1970s SF film
Jun. 20th, 2010 07:35 pm
End of the World, 1977, USA   DIRECTED BY JOHN HAYES
This wasn't Christopher Lee's least favourite film – that was Starship Invasions – but End of the World probably comes close: "Some of the films I've been in I regret making. I got conned into making these pictures in almost every case by people who lied to me. Some years ago, I got a call from my producers saying that they were sending me a script and that five very distinguished American actors were also going to be in the film. Actors like José Ferrer, Dean Jagger and John Carradine. So I thought, "Well, that's alright by me". But it turned out it was a complete lie. Appropriately the film was called End of the World." Having read this long before seeing the film I found myself already rather tilted against it, but the neat short section featuring Lee as a sinister priest before the opening credits roll left me thinking "Well, so far so good." That, however, turned out to be as far as my actual interest went as what comes after is almost unrelentingly dire, with a dull plot involving the discovery of messages from outer space, a strange Catholic convent in Los Angeles (complete with aliens disguised as nuns) and the eventual destruction of the planet all working itself out with tedious and highly predictable regularity. Some plot elements also reminded me of Roger Corman's Not of This Earth, and it shares with that movie a classically dreadful kind of skiffy dialogue: "The planet Earth has emitted an over-abundance of diseases, they are contaminating the universe.
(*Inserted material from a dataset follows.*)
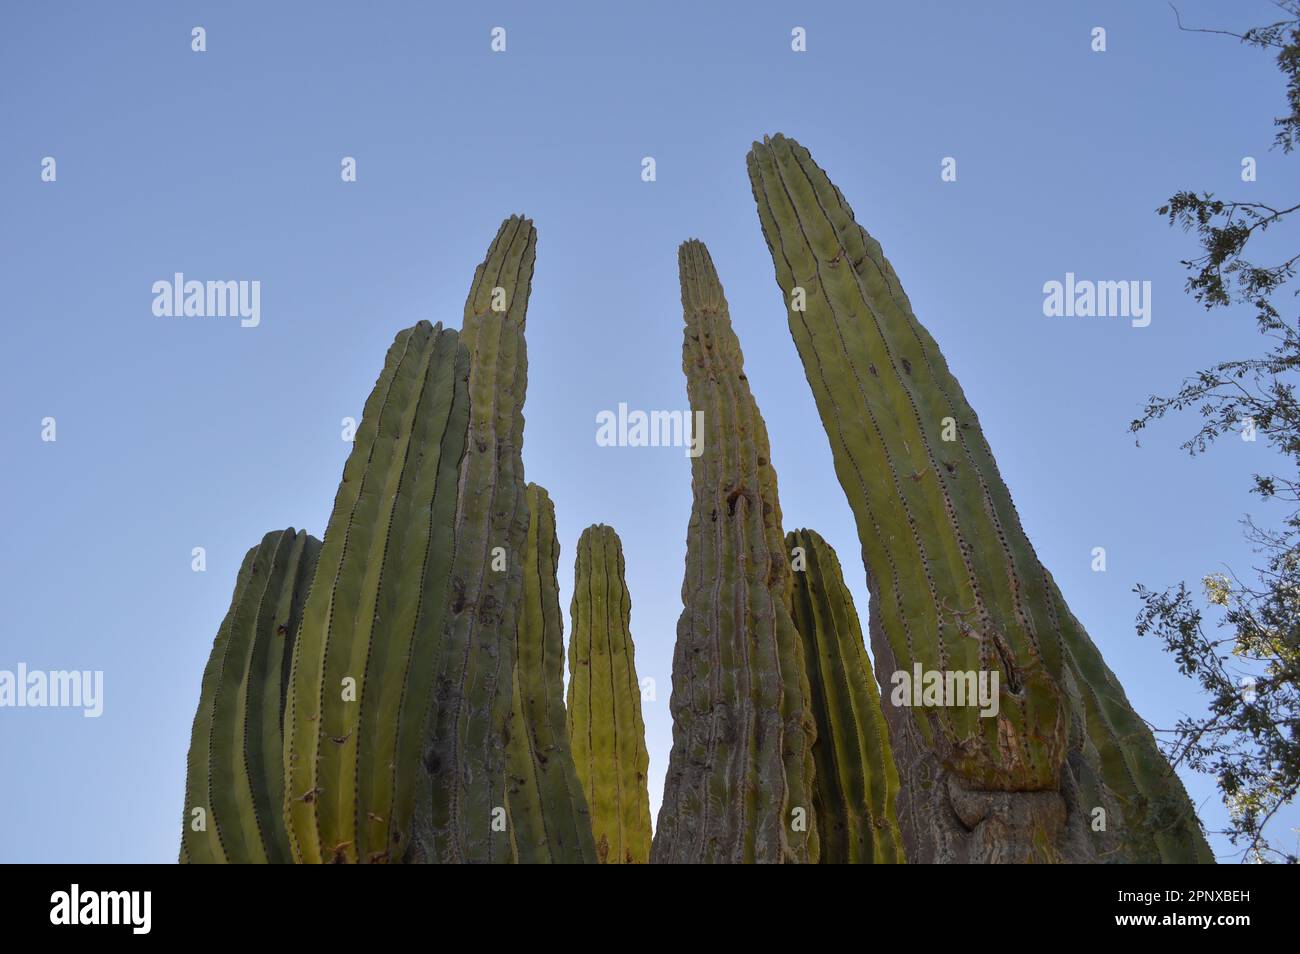 Las imágenes fueron tomadas en un municipio de Baja California Sur, llamado Mulegé. Las plantas están en área de un volcán llamado Las Tres Vírgenes. Stock Photo

All the planets light years away from here will suffer unless it is destroyed!" The film tries so hard to exude class but fails at every scene as too little of any interest actually happens (and the first three minutes, post-title sequence, have the protagonist in his office surrounded by nothing more than computers that emit Star Trek sound effects). Too many scenes are so dark it's often hard to see what's going on, the ending leaves you completely deflated and Lee himself, bless him, is convincingly able to communicate to the viewer that he's utterly bored with it all. A contractual obligation movie for Lee, clearly, and he probably dearly wished he'd got the Star Wars gig that year instead of his mate Alec Guinness. Utterly pointless, one to avoid.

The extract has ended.